Look below for the line containing "Alcaller Amalia Garcia". Write out that line and the rest through the last one, exactly as they appear, but without pictures.

_Collected material_
★ ★ ★ ★

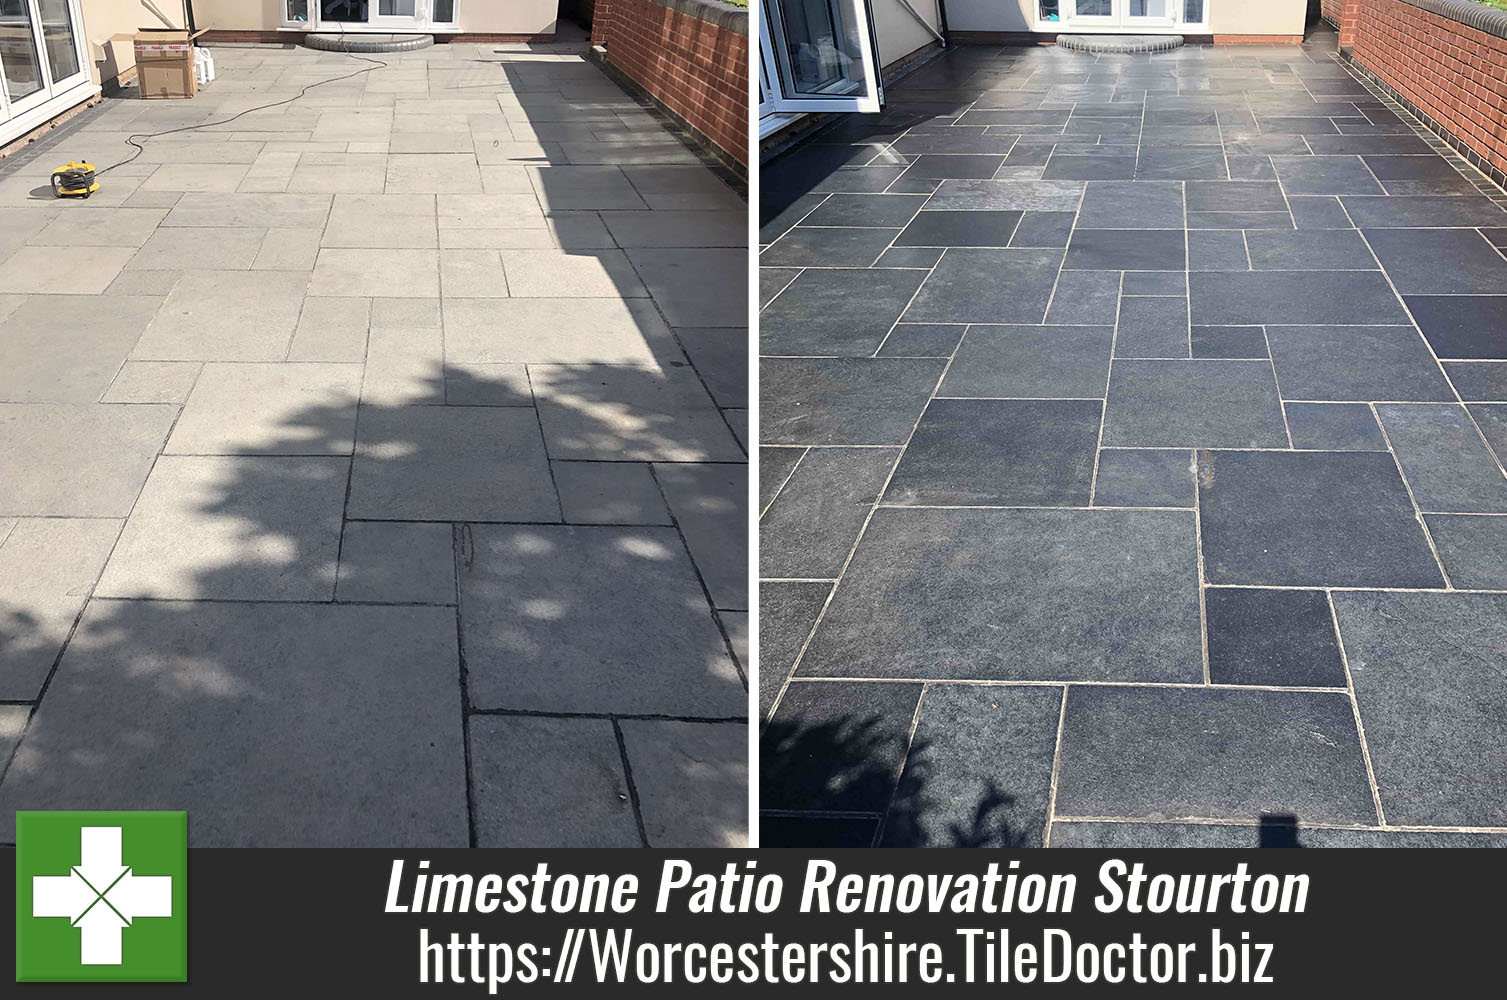 Colour Restored to Limestone Patio Tiles in Stourton
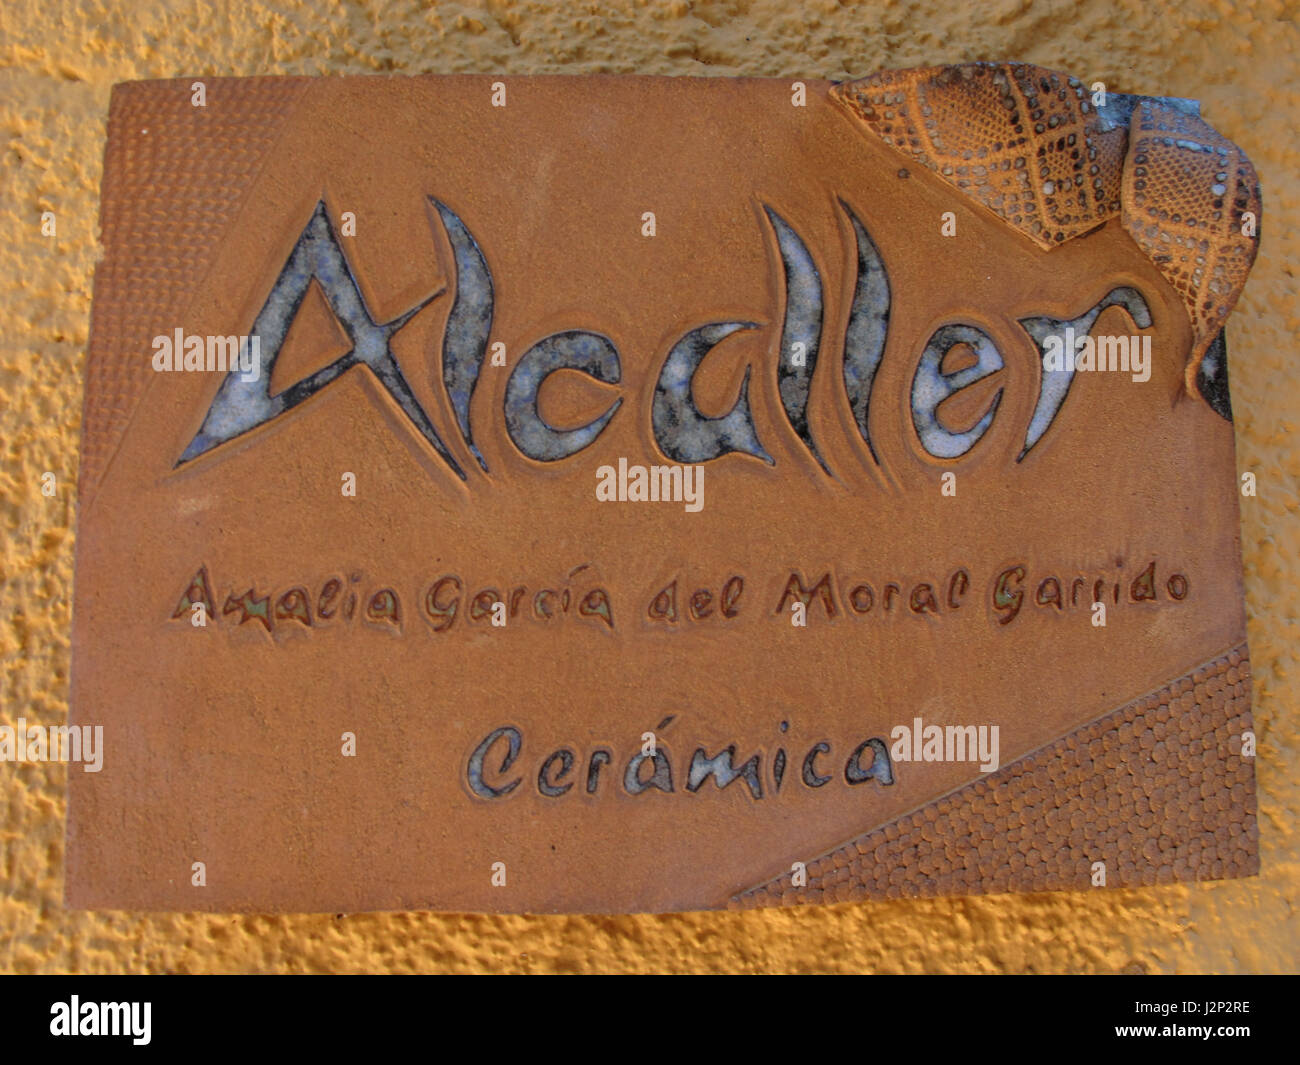 Alcaller Amalia Garcia del Moral Garrido ceramic, Almunecar, Grenada province, Andalousia, Costa  Tropical, Spain, Europe Stock Photo
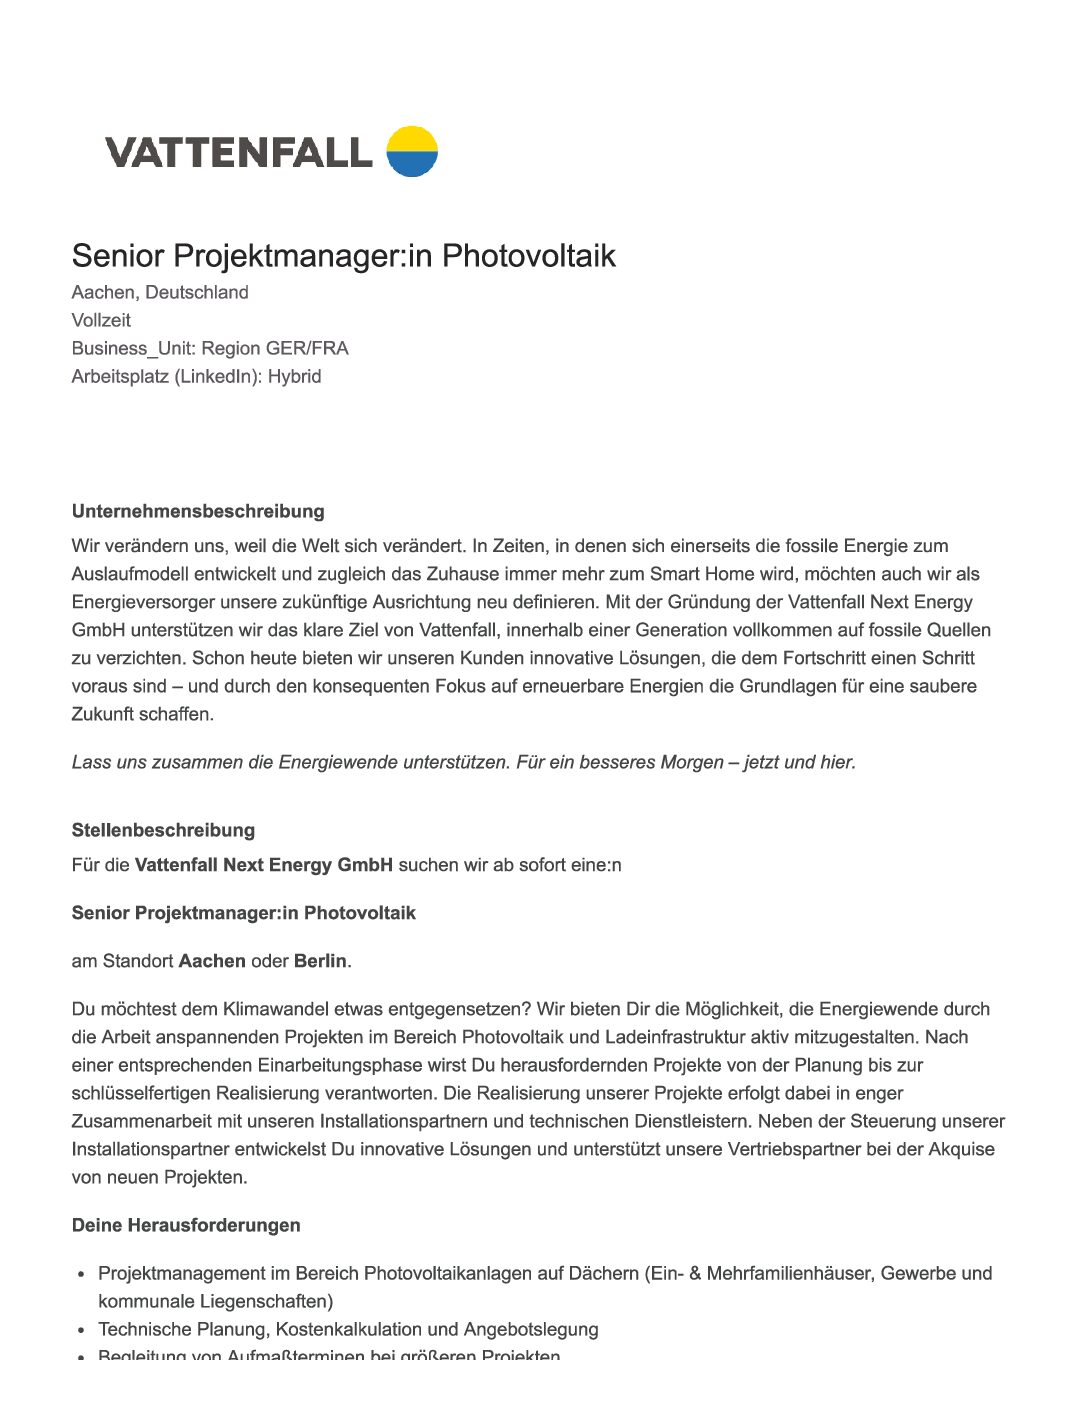 Vattenfall_Senior-Projektmanager-Photovoltaik-4-pdf  
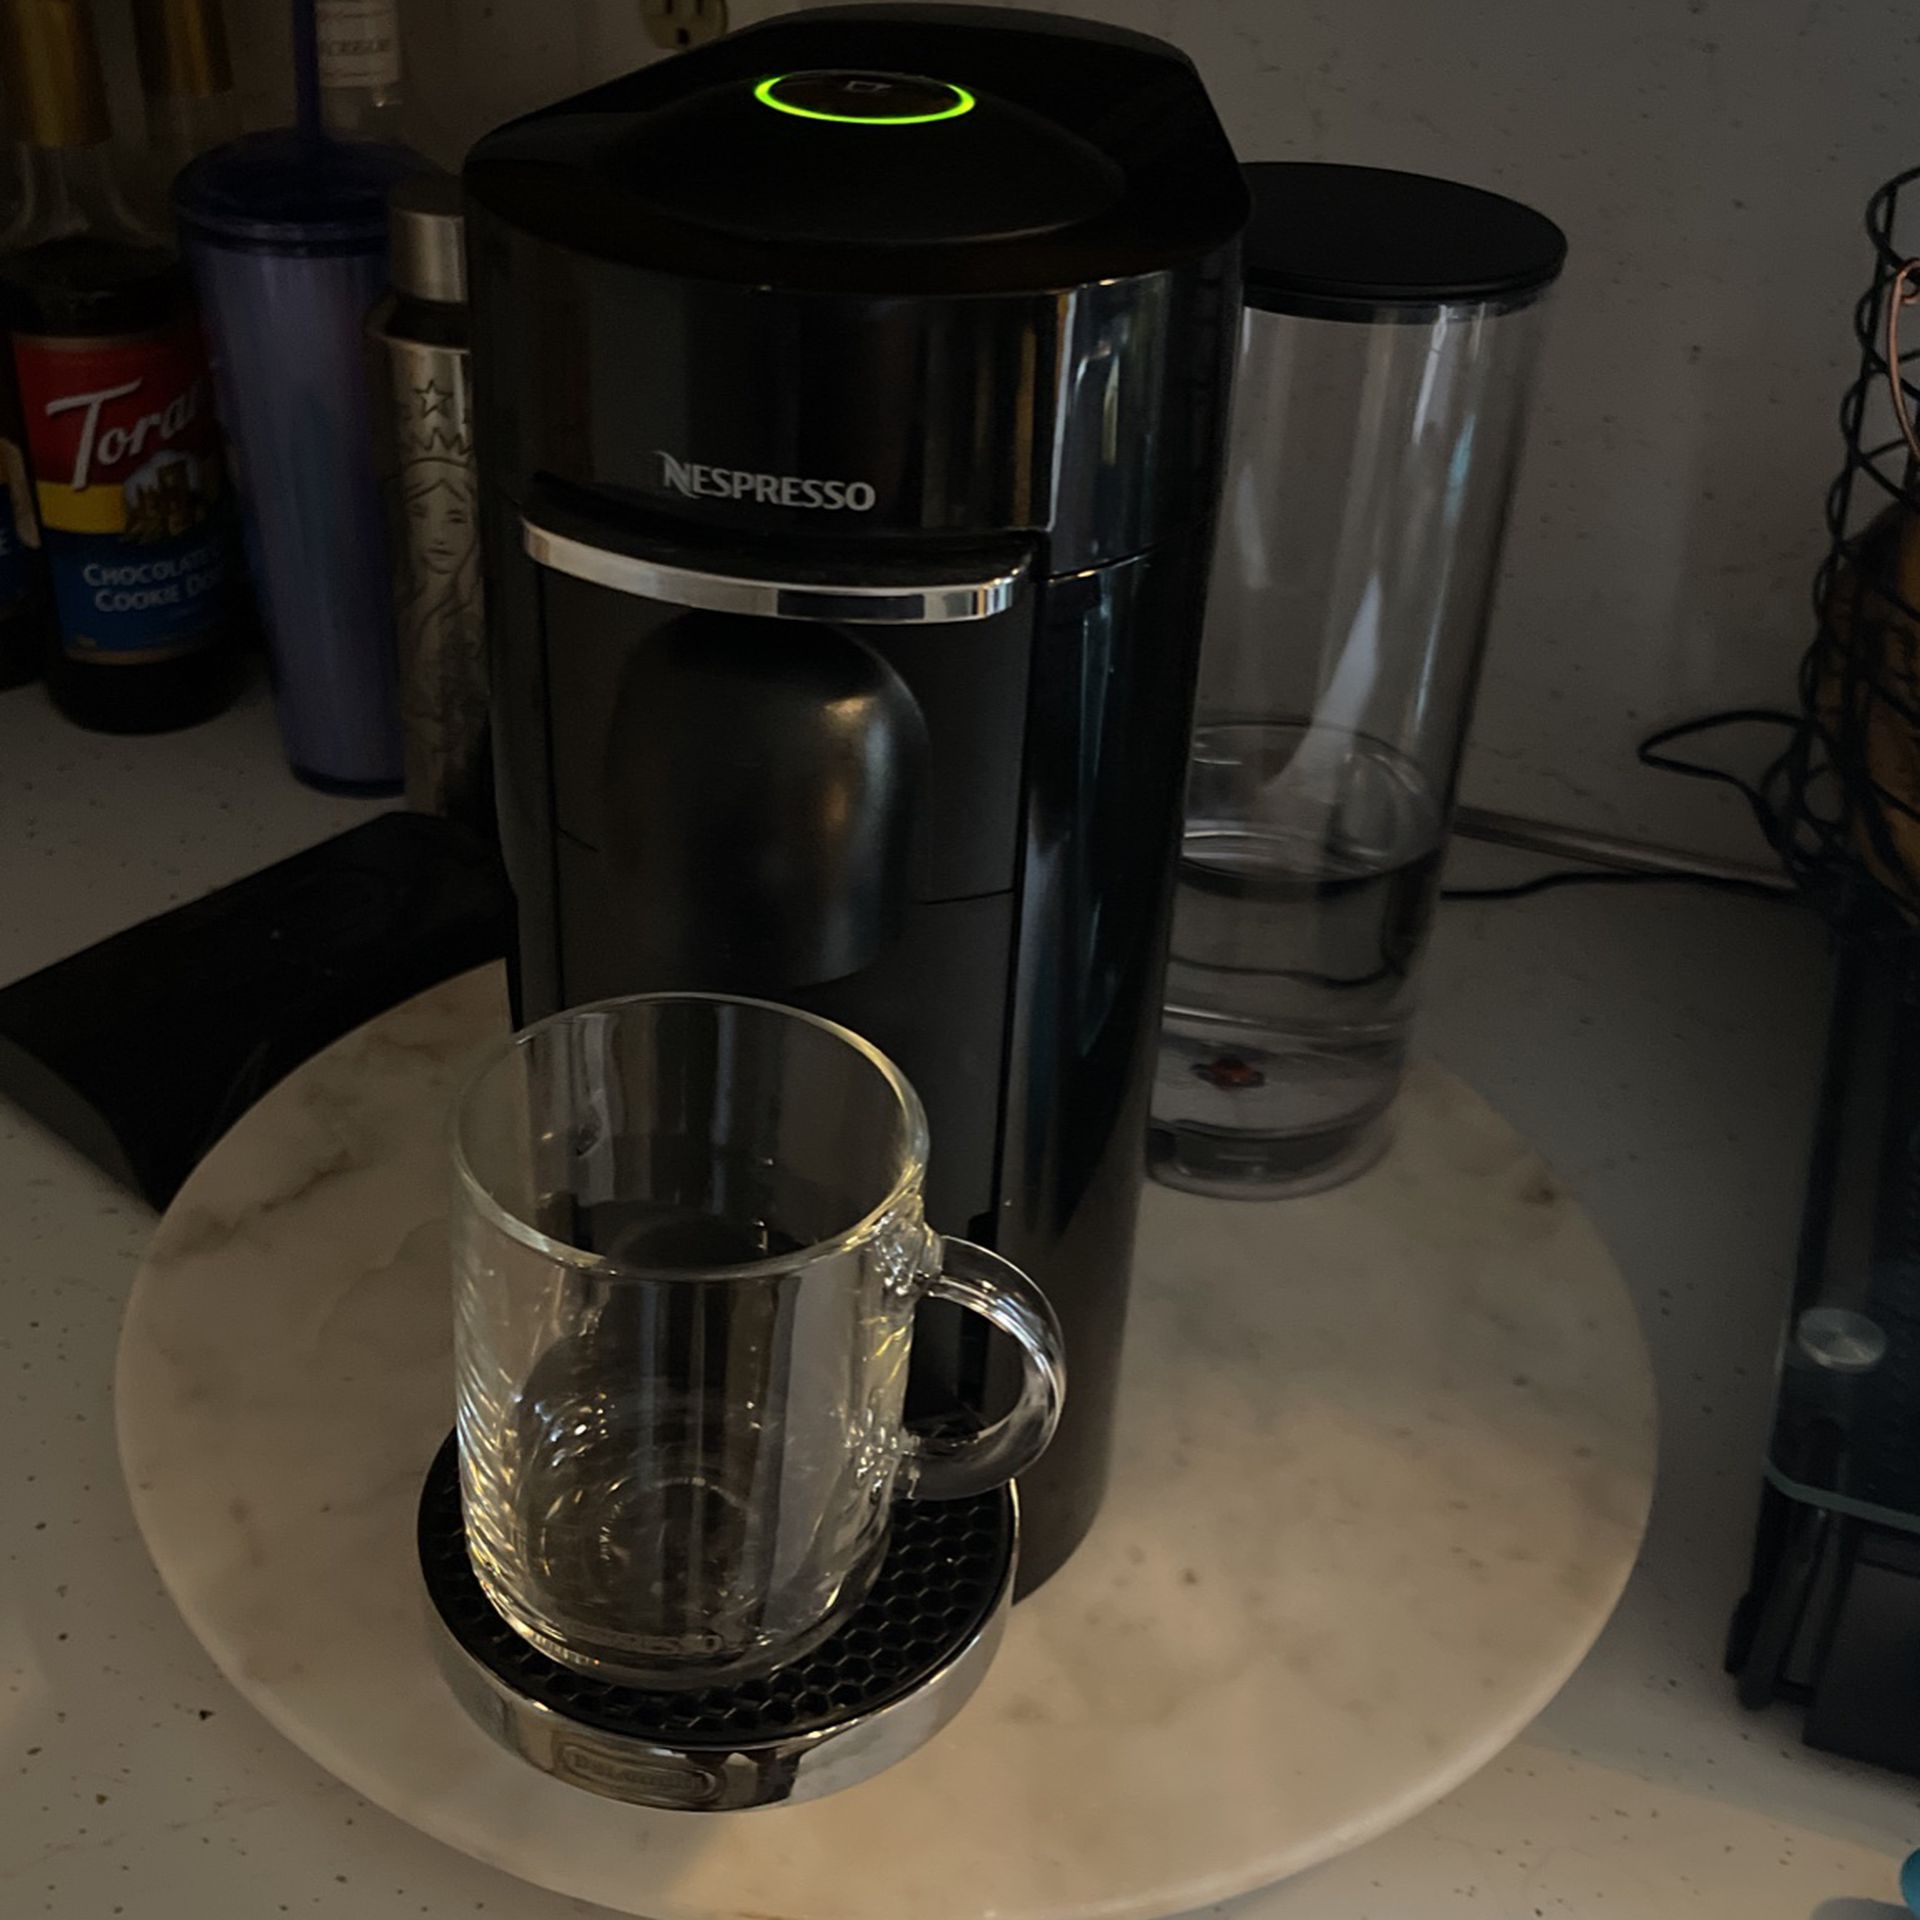 Nespresso Automatic Coffee Maker

★ ★ ★ ★

_Solution for this problem_
 Alcaller Amalia Garcia del Moral Garrido ceramic, Almunecar, Grenada province, Andalousia, Costa  Tropical, Spain, Europe Stock Photo
 Vattenfall_Senior-Projektmanager-Photovoltaik-4-pdf  
 Nespresso Automatic Coffee Maker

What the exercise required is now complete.